◆ **Work order**: Starting at the line below with "Las personas ven" and stopping at the line with "Face Mask Mockups", please print each line exactly, those two included, and skip every picture.

◆ **Provided material**:
++++++

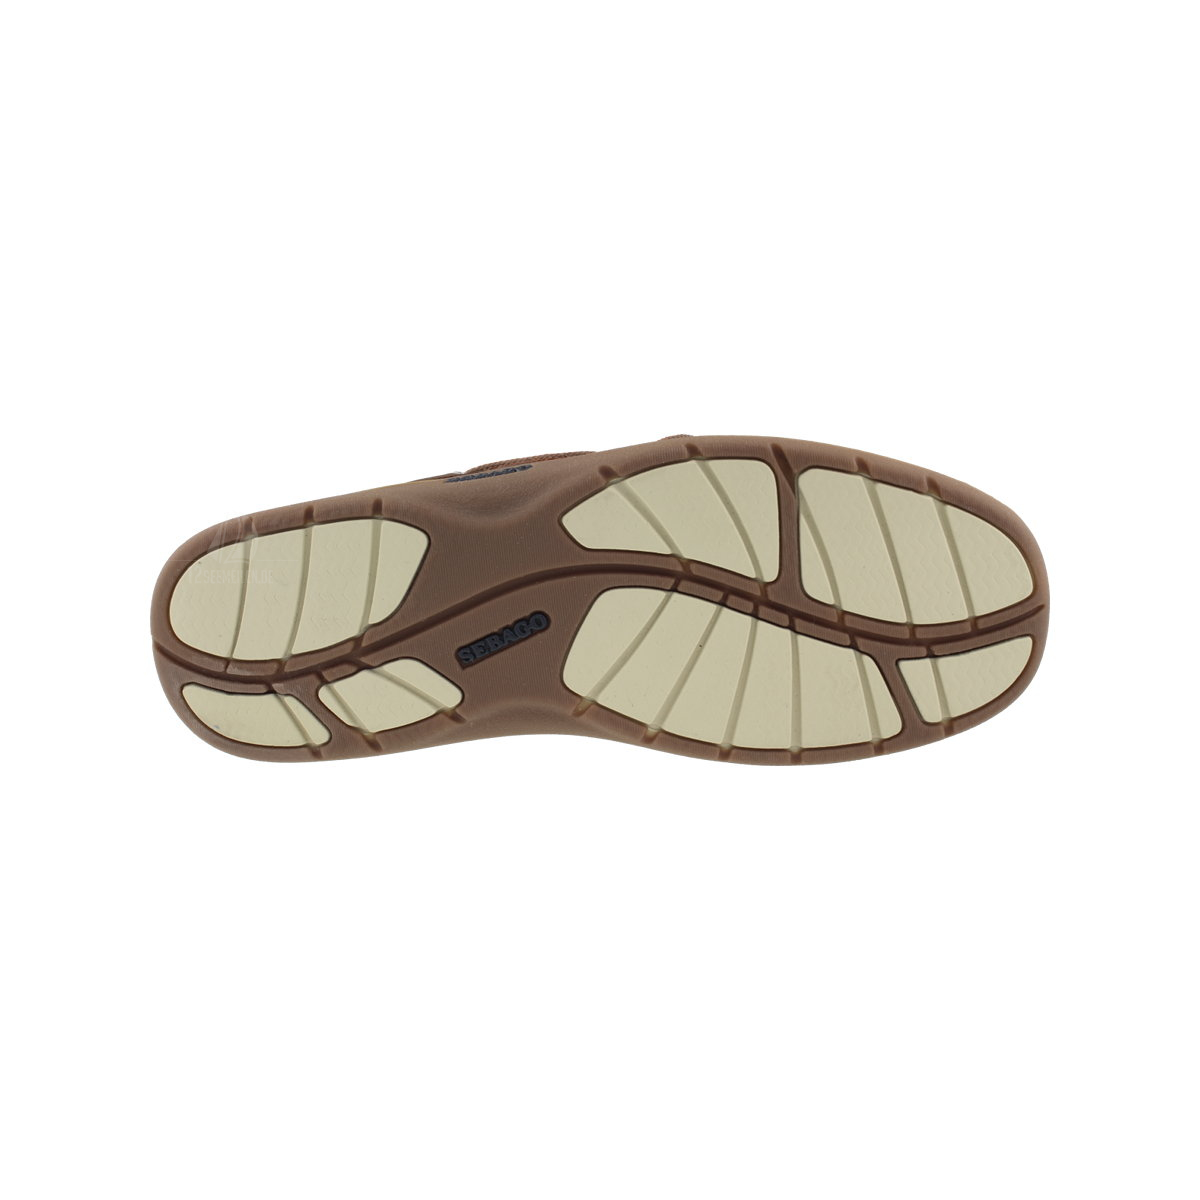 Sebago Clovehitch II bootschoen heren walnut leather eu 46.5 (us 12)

++++++

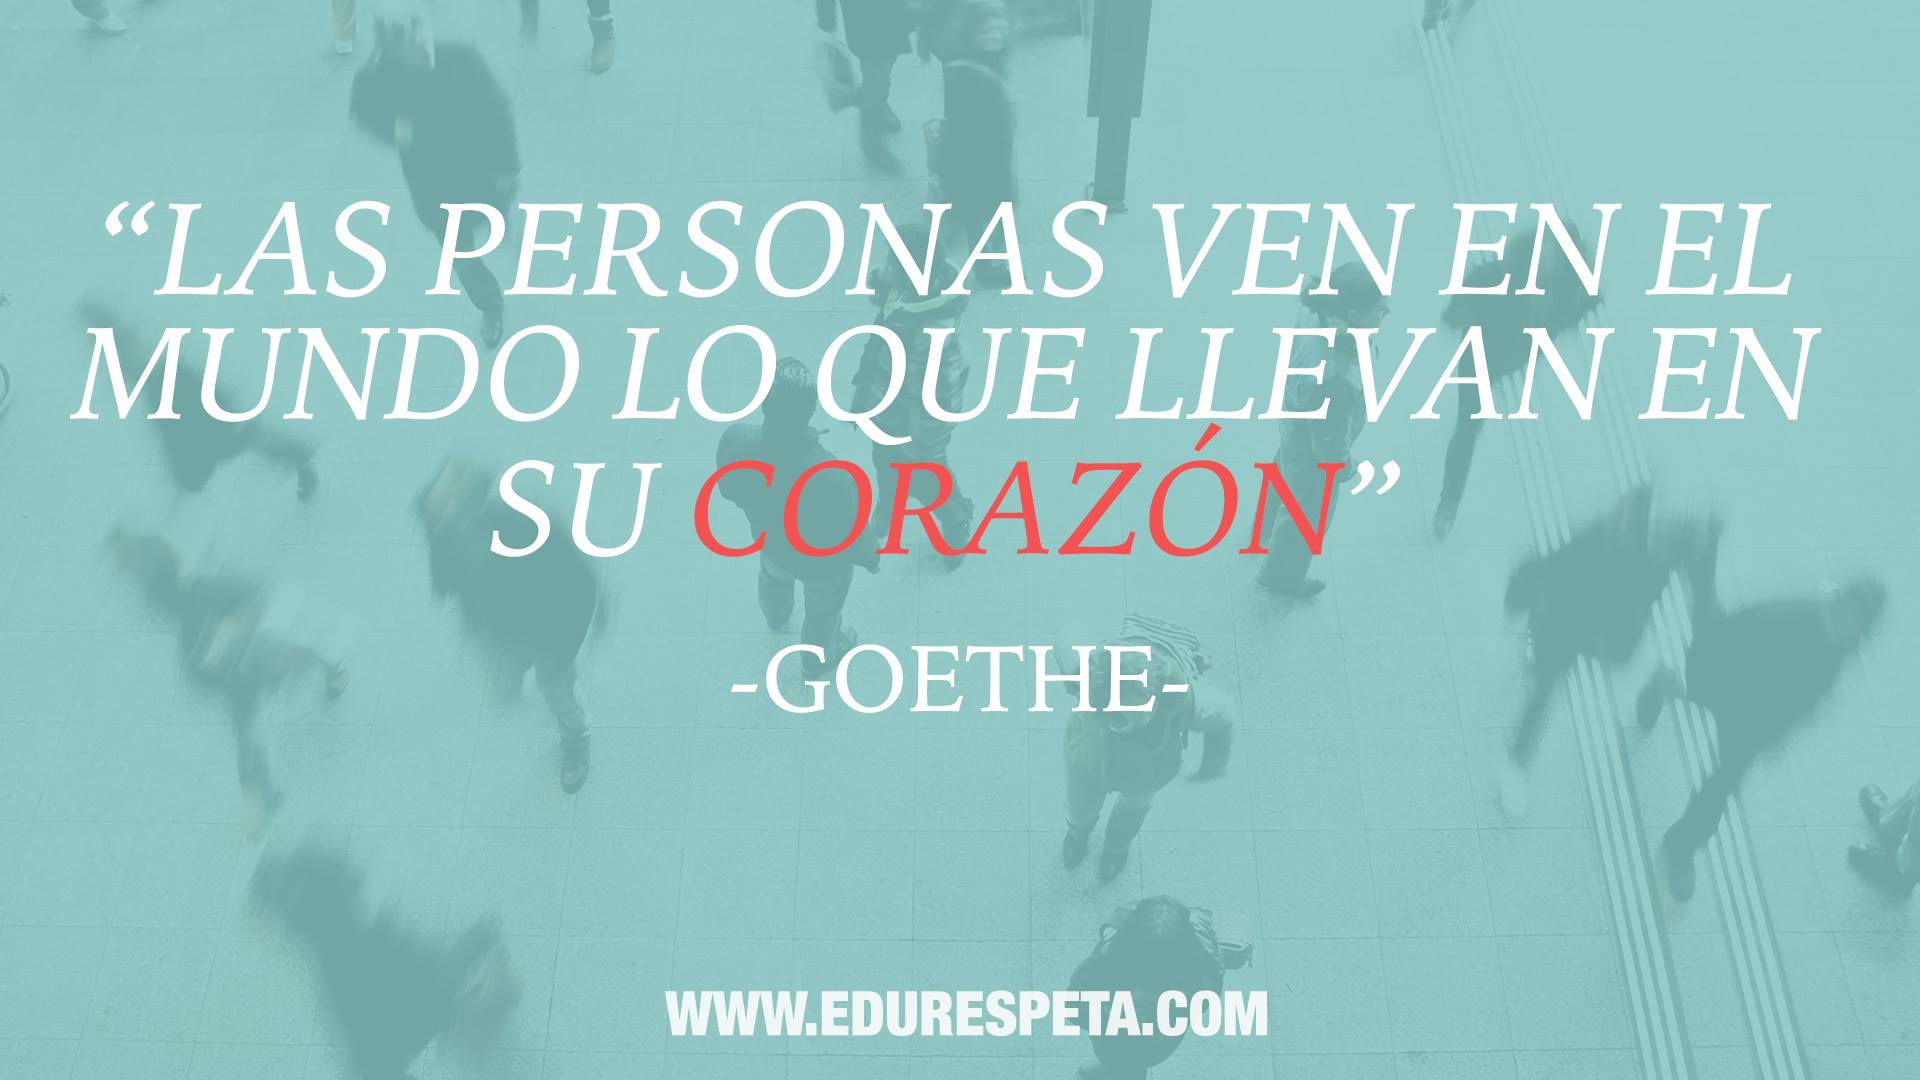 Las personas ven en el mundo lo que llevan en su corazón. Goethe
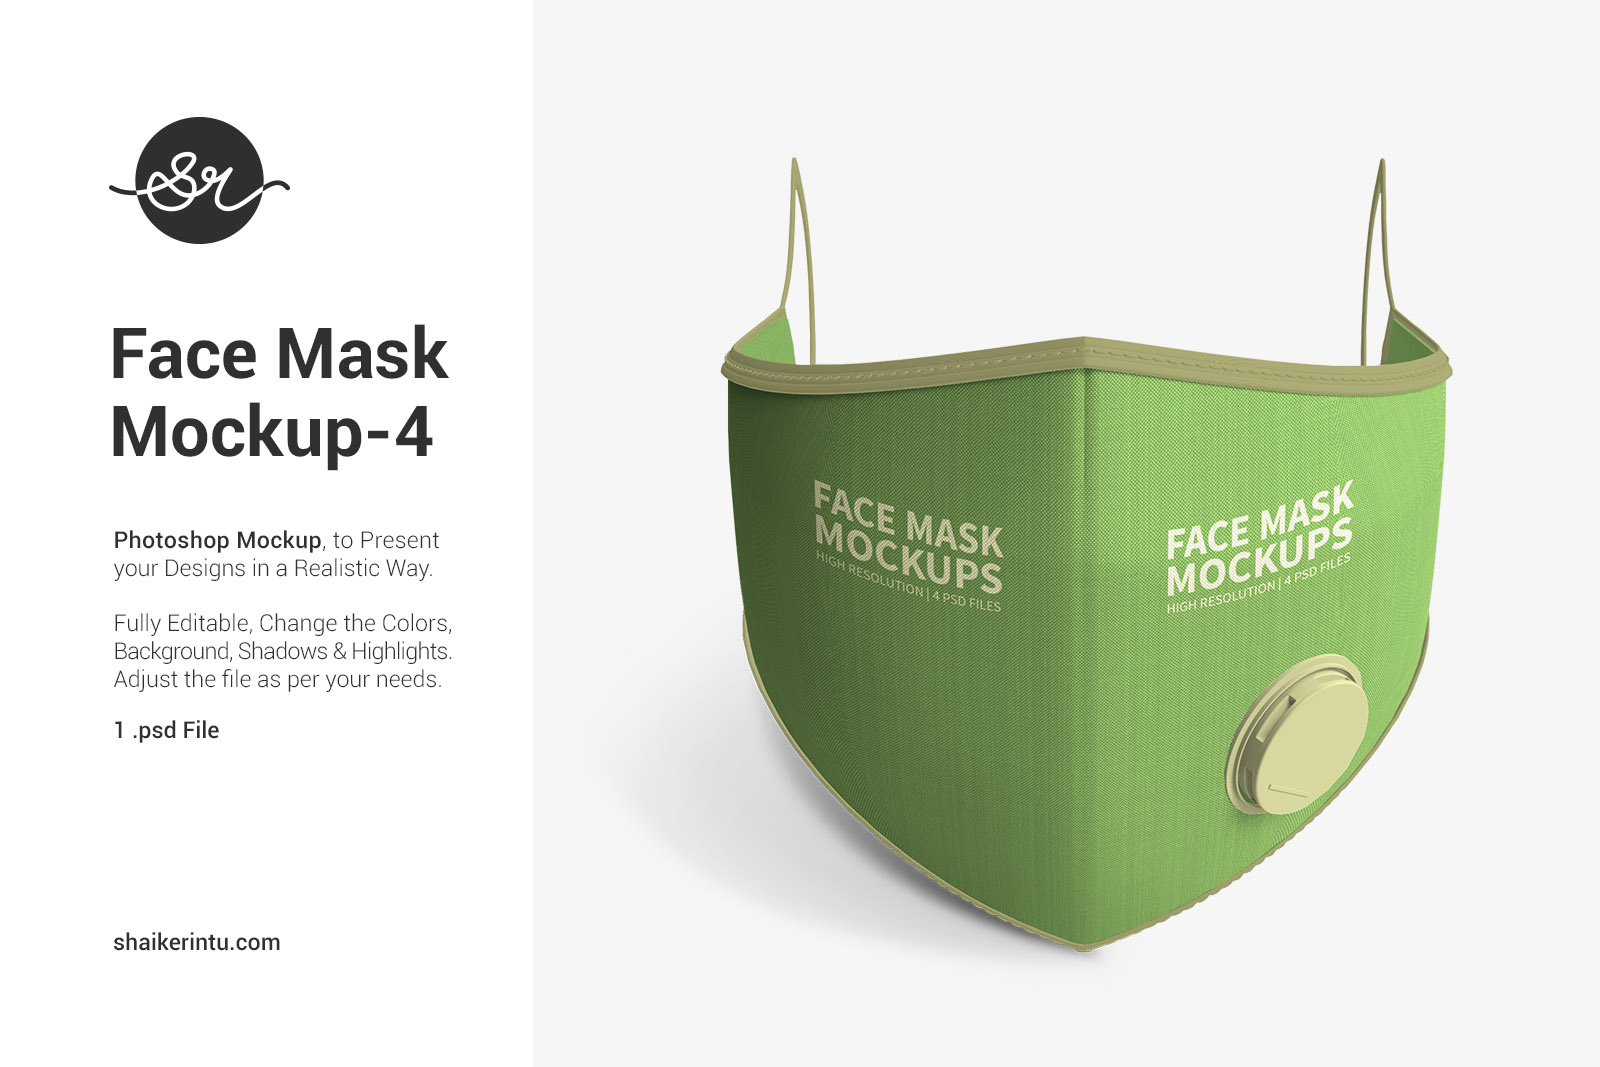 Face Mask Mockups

++++++

◆ **Solution for this problem**:
 Las personas ven en el mundo lo que llevan en su corazón. Goethe
 Face Mask Mockups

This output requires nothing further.